Narsese similarity of unstructured data
PtrMan edited this page Mar 15, 2019
·
2 revisions
NARS is able to compute the similarity between arbitrary unstructured information.
<(*,this, _d0) --> wordin>.
<(*,duck, _d0) --> wordin>.
<(*,is, _d0) --> wordin>.
<(*,green, _d0) --> wordin>.
<(*,green, _d1) --> wordin>.
<(*,ants, _d1) --> wordin>.
<(*,may, _d1) --> wordin>.
<(*,be, _d1) --> wordin>.
<(*,ducks, _d1) --> wordin>.
<duck <-> ducks>.
<_d0<->_d1>?"
A script to generate the narsese from text may look like this:
# print the narsese for the tokens in a article or section
def printTokensN(text, datasetNumber):
text = text.lower()
# replace special letters with spaces
for i in[".",",",";","(",")","[","]"]:
text=text.replace(i, " ")
tokens = text.split(" ")
for iToken in tokens:
if not iToken in ["", ".", ";"]:
print("<(*," + iToken + ", _d" + str(datasetNumber) + ") --> wordin>.")

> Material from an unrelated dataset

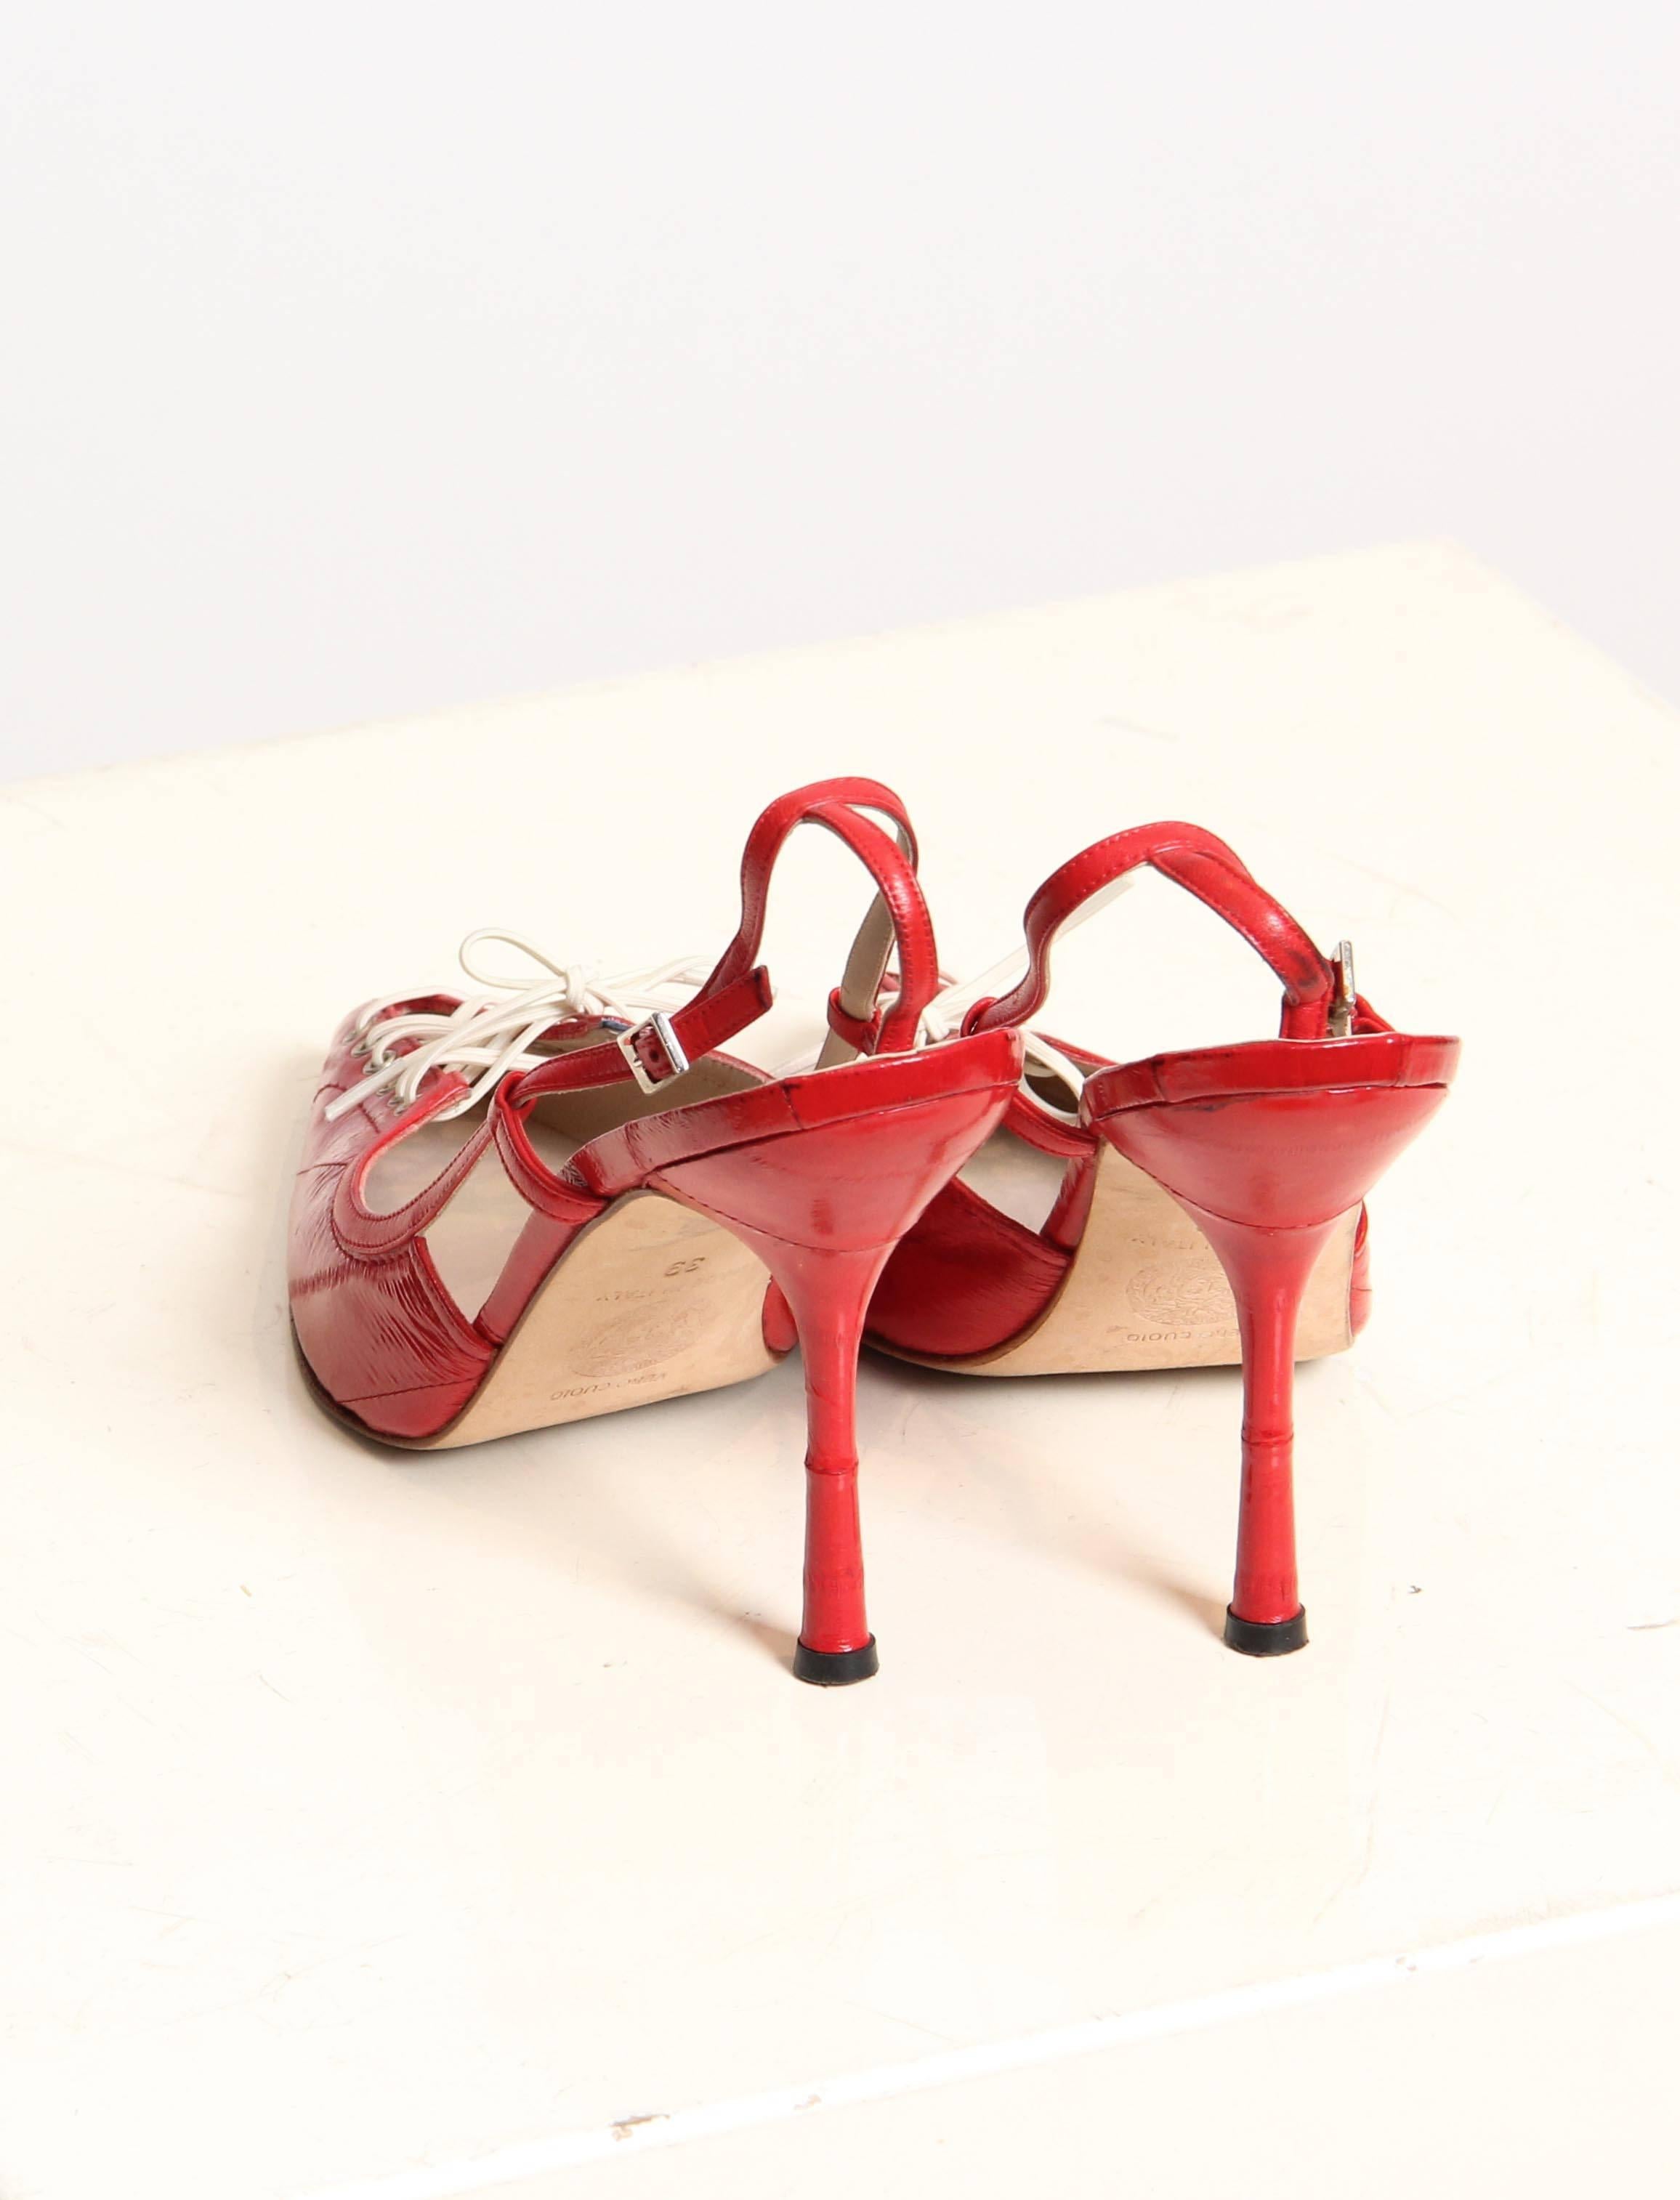 These are a pair of scarlet strappy heels by famed designer Gianni Versace. Made of a supple red eel leather, their pointed toes are laced up like a running shoe for a flirty peek and a charming sporty reference. The toe portion is seamed in a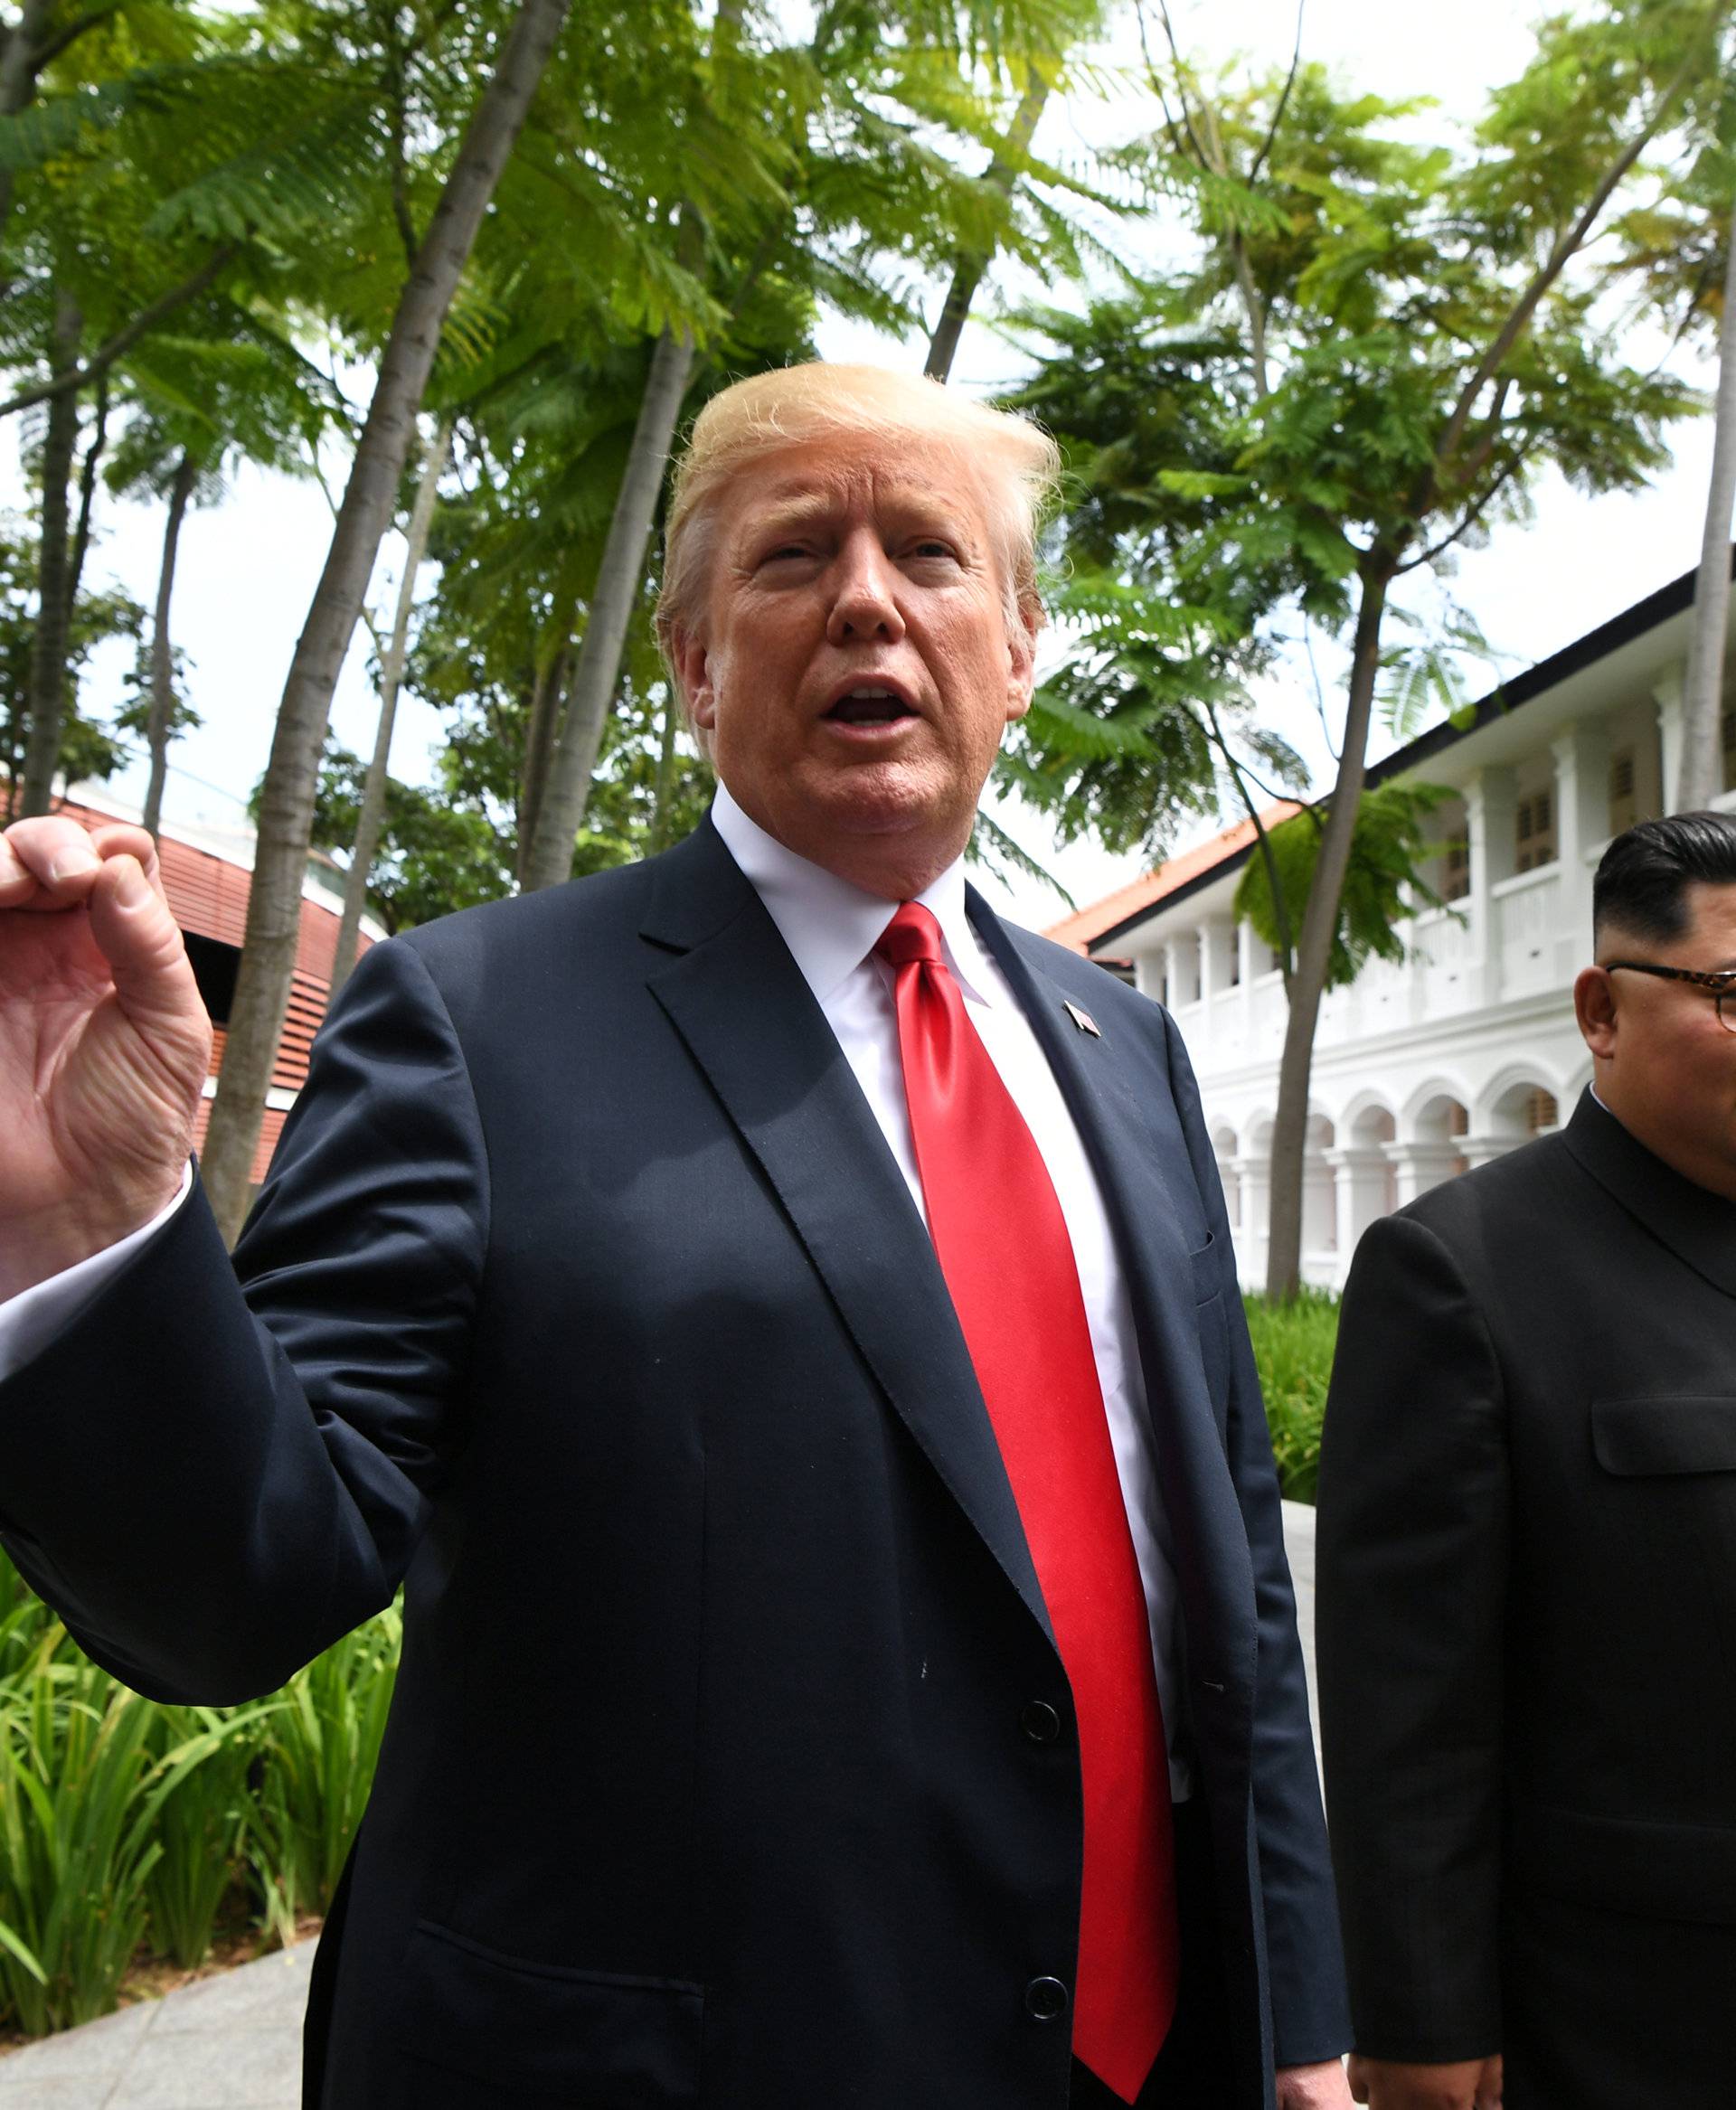 U.S. President Donald Trump gestures as he walks with North Korean leader Kim Jong Un in the Capella Hotel after their working lunch, on Sentosa island in Singapore

text = "A neural network is a network or circuit of neurons, or in a modern sense, an artificial neural network, composed of artificial neurons or nodes.[1] Thus a neural network is either a biological neural network, made up of real biological neurons, or an artificial neural network, for solving artificial intelligence (AI) problems."
datasetNumber = 0
printTokensN(text, datasetNumber)
text = "Machine learning (ML) is the scientific study of algorithms and statistical models that computer systems use to effectively perform a specific task without using explicit instructions, relying on patterns and inference instead. It is seen as a subset of artificial intelligence. Machine learning algorithms build a mathematical model of sample data, known as \"training data\", "
datasetNumber = 1
printTokensN(text, datasetNumber)
text = "Machine learning has gone from the the realm of a relatively small number of data scientists to the mainstream of analysis and business. And while this has resulted in a plethora of innovations and improvements for organizations worldwide, its also provoked reactions ranging from curiosity to anxiety among people everywhere."
datasetNumber = 2
printTokensN(text, datasetNumber)
# ask questions to know how similar the text pieces are
print("<_d0<->_d1>?")
print("<_d1<->_d2>?")
Additionally n-grams may get used to increase the accuracy.